• [Required action]:
The line containing "(2 IN A SET" and every line after it, through the last line of the records, are to be transcribed exactly, and nothing else.

• [Data records]:

════

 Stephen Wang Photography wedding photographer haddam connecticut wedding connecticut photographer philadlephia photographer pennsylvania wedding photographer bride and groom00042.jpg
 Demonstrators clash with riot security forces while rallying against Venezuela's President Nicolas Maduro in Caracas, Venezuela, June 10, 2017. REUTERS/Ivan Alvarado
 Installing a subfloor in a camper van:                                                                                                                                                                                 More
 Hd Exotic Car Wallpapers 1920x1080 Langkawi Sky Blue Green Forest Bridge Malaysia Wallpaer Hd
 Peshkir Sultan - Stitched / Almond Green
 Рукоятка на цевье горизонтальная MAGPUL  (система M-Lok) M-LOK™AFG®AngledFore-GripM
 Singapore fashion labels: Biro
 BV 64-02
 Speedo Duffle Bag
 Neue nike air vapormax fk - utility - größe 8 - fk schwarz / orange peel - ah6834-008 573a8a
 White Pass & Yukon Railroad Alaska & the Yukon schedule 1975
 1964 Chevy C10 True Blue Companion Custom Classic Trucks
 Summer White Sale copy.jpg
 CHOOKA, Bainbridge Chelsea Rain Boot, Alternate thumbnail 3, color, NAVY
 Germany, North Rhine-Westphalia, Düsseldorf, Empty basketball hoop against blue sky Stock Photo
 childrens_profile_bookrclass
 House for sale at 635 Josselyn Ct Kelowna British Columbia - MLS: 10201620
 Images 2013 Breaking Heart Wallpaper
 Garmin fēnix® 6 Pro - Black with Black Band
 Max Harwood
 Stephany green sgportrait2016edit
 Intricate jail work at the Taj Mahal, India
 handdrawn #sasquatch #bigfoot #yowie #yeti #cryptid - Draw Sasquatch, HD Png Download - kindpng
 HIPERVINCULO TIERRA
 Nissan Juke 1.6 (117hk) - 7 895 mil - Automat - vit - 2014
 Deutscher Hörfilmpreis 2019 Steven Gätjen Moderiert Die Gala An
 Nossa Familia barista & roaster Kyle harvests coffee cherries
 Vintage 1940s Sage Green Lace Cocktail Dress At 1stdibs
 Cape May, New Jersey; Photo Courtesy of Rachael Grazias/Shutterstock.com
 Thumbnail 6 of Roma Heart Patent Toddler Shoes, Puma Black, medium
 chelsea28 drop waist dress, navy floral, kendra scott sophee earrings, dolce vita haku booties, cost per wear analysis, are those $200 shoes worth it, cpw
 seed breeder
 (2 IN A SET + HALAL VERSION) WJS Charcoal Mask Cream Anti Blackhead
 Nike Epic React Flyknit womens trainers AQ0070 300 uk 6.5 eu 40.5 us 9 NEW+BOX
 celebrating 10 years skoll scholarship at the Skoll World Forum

════

• [Response to the exercise]:
 (2 IN A SET + HALAL VERSION) WJS Charcoal Mask Cream Anti Blackhead
 Nike Epic React Flyknit womens trainers AQ0070 300 uk 6.5 eu 40.5 us 9 NEW+BOX
 celebrating 10 years skoll scholarship at the Skoll World Forum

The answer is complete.